**WHAT THE TASK ASKS:**
Taking the line with "einfacher-windsor-knoten" as the first and the line with "sale retailer f0df8" as the last, set down exactly every line in that range from the entries below, and no more.

**RECORDS TO USE:**
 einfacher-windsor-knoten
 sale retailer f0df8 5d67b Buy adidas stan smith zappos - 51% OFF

...

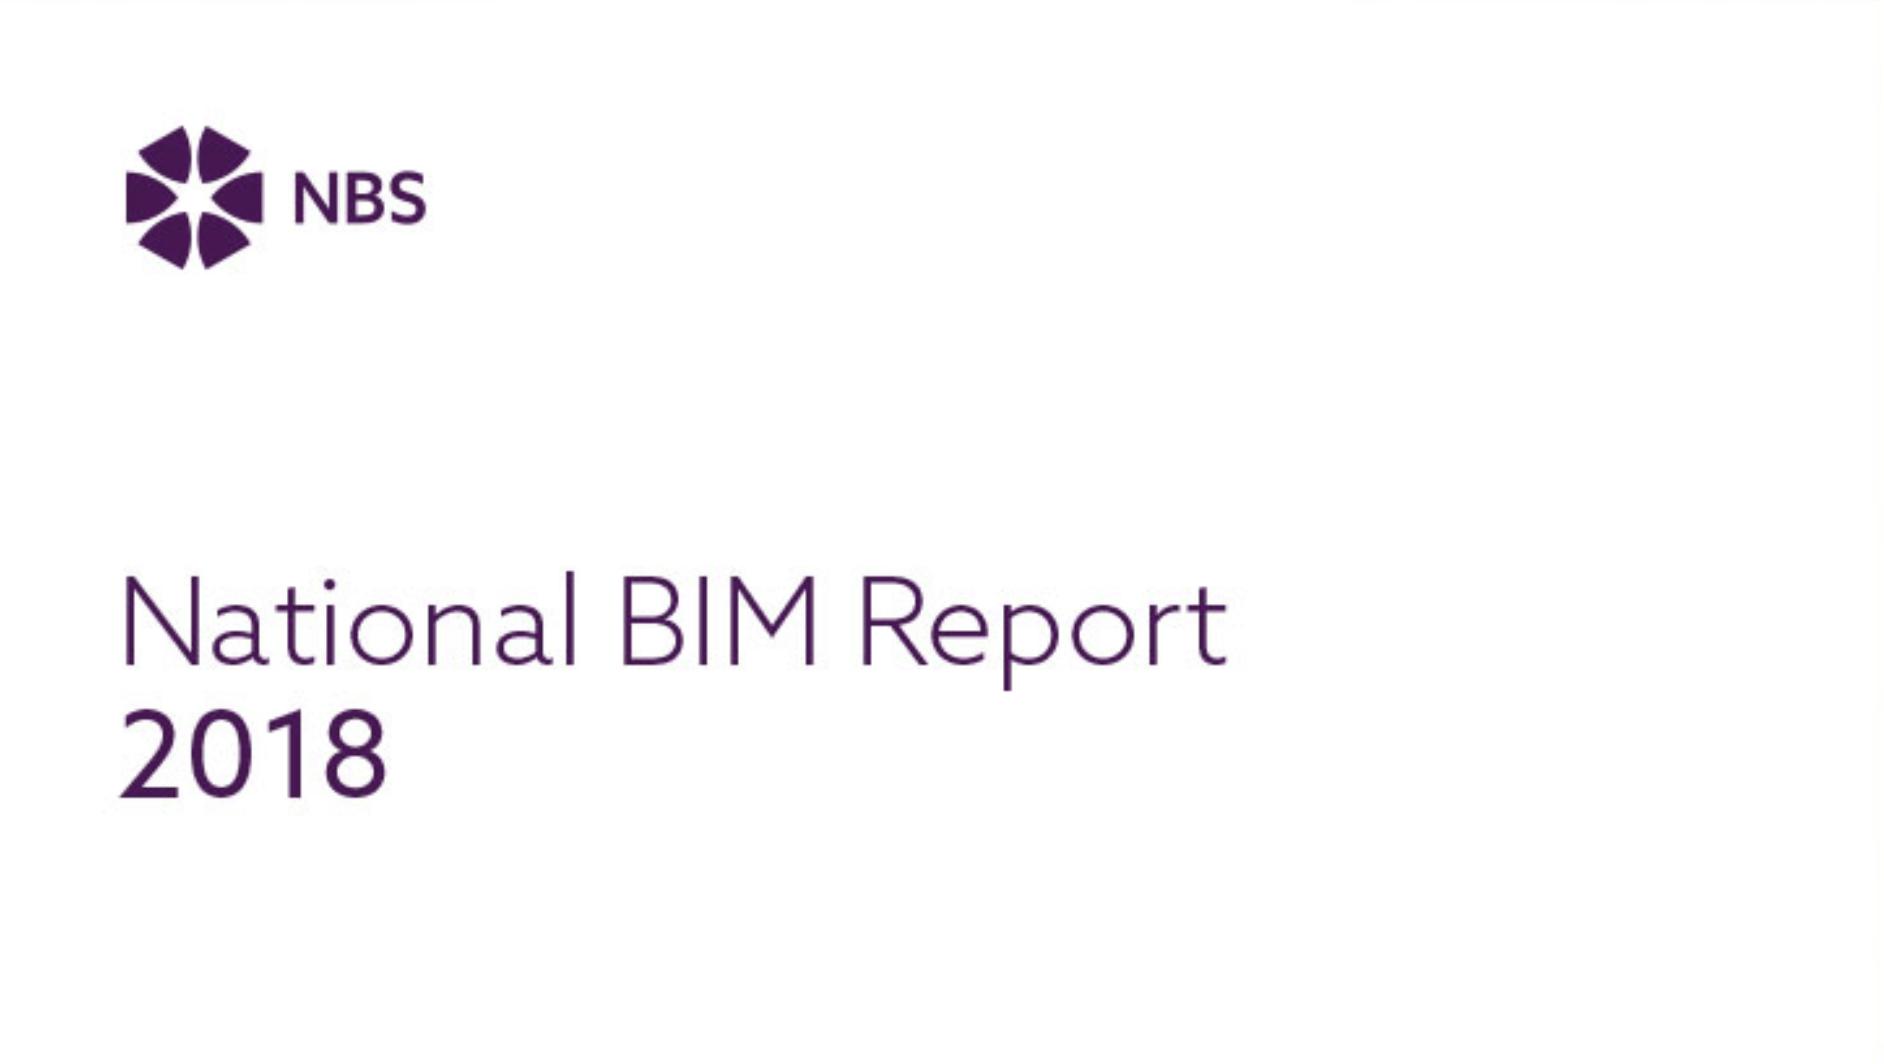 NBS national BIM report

* * *

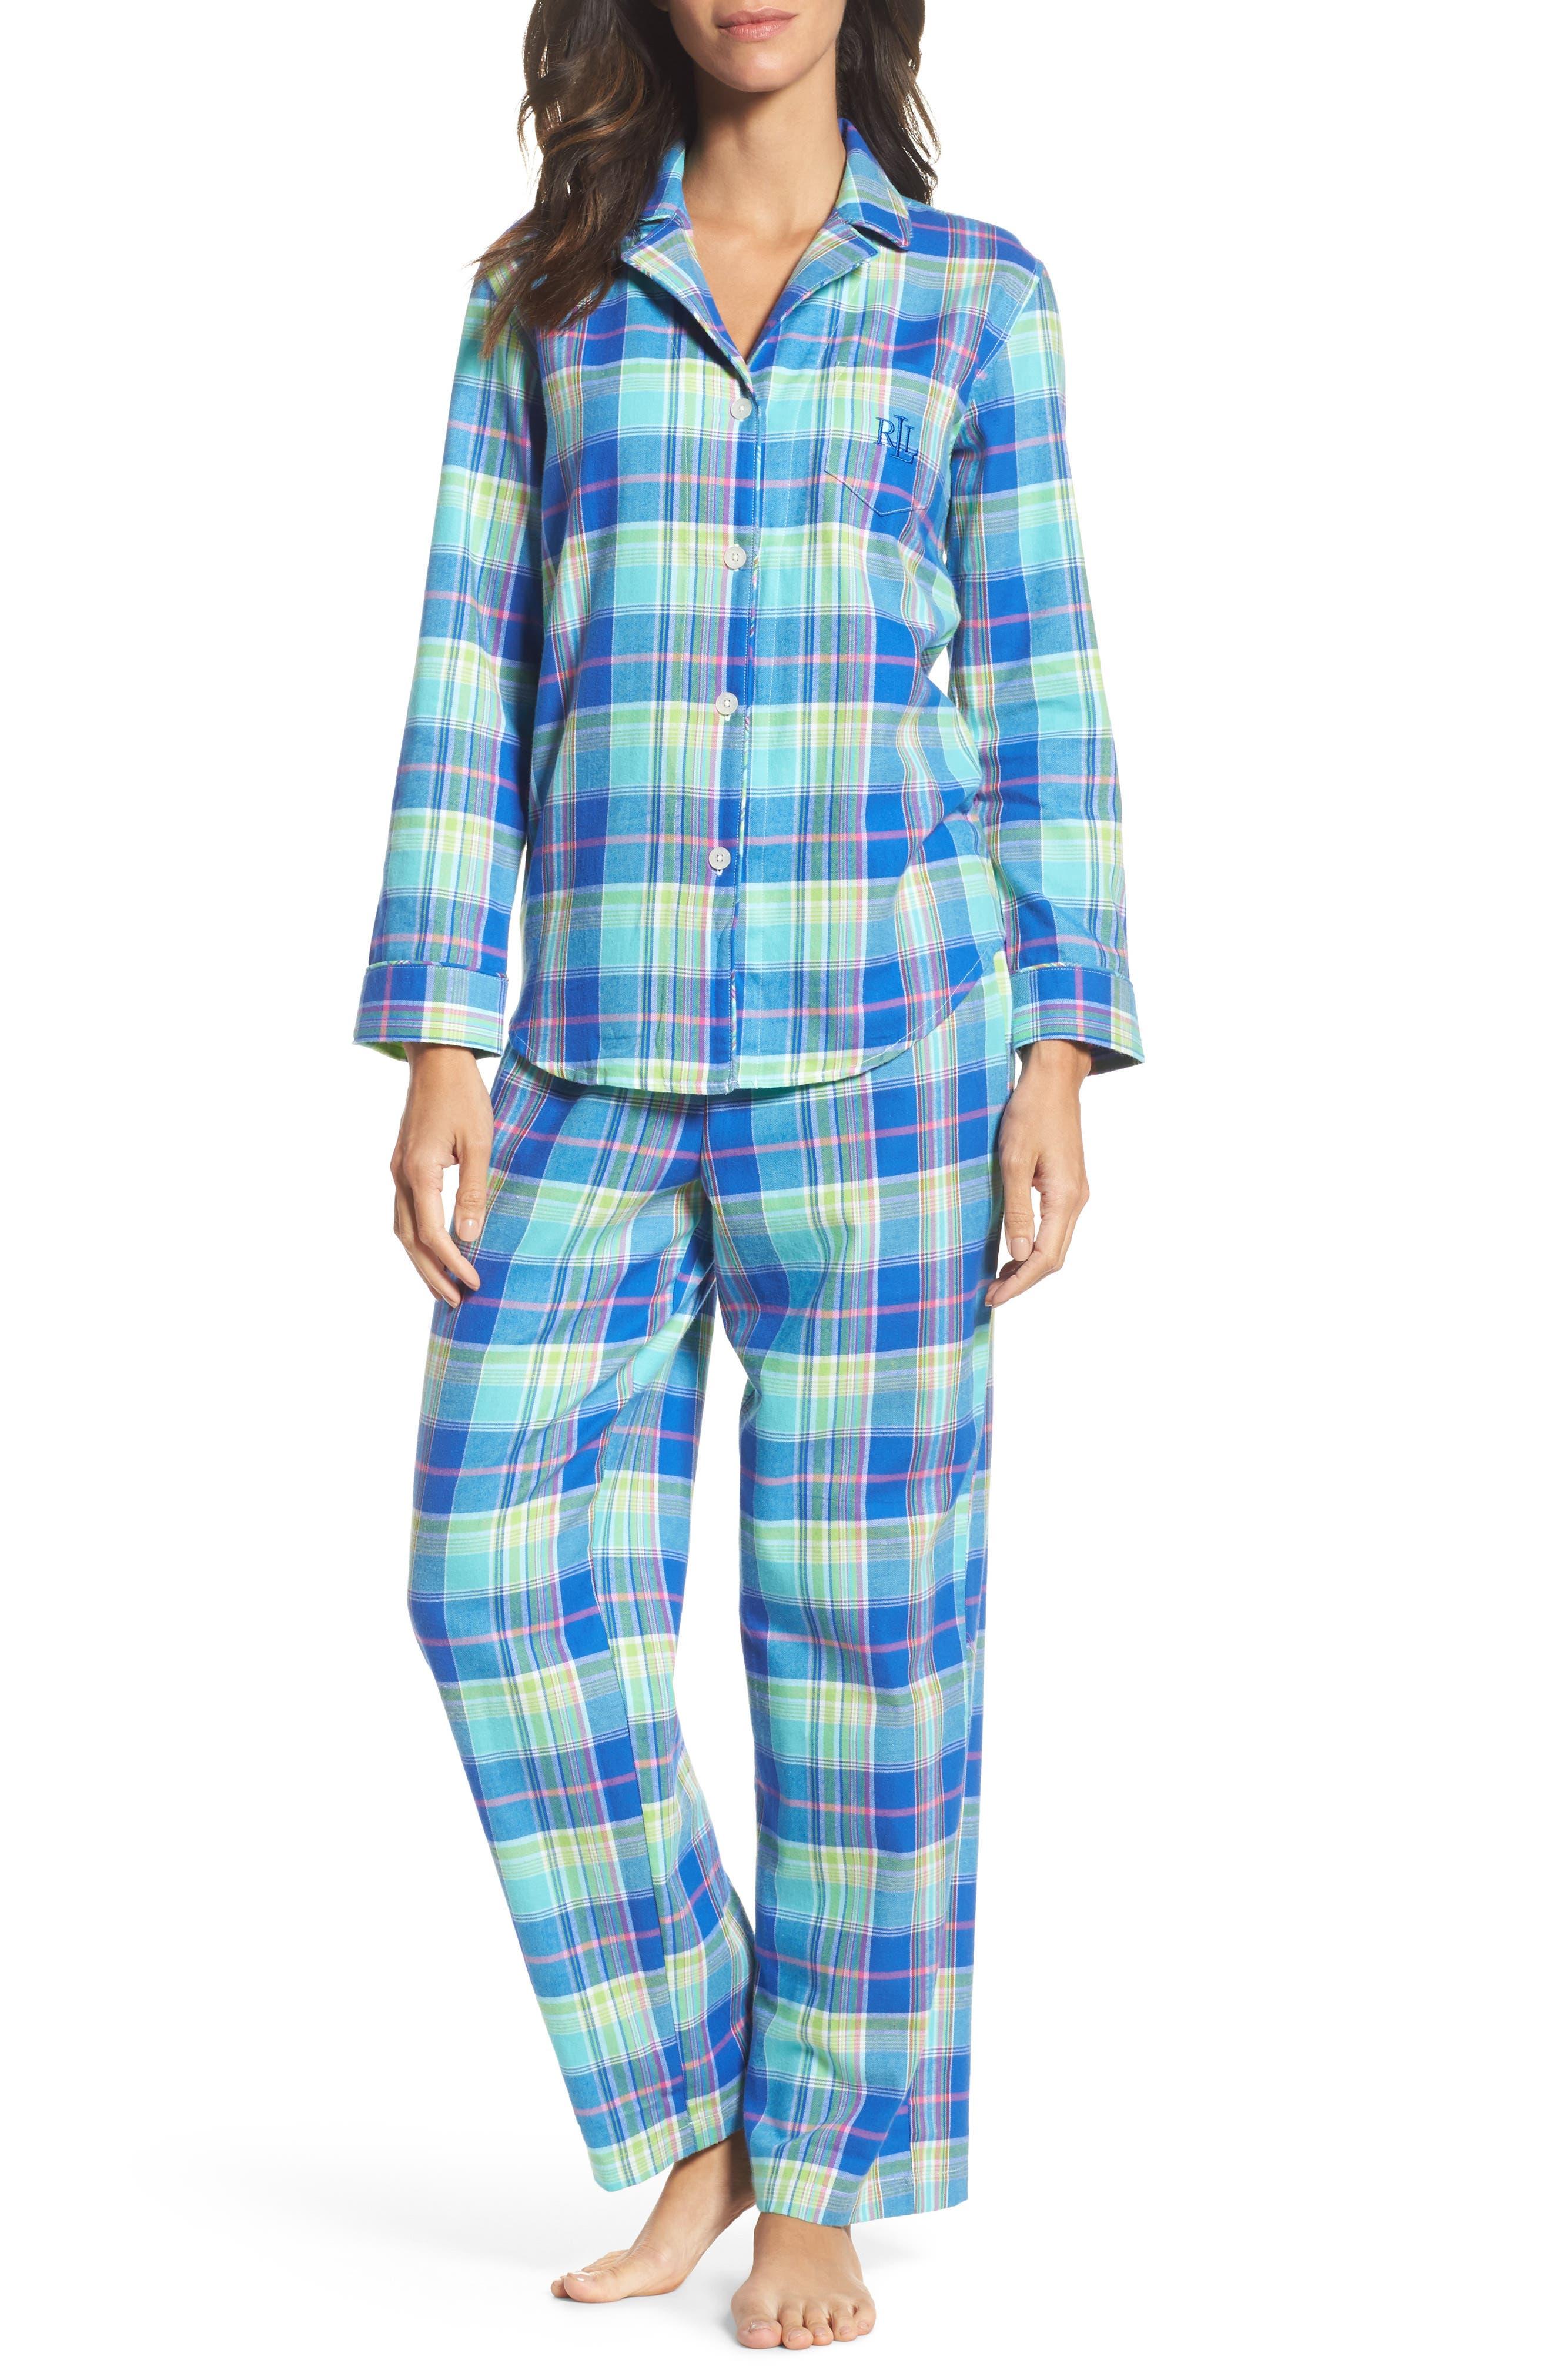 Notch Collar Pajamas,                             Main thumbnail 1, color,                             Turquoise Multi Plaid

**WRITTEN RESPONSE:**
 einfacher-windsor-knoten
 sale retailer f0df8 5d67b Buy adidas stan smith zappos - 51% OFF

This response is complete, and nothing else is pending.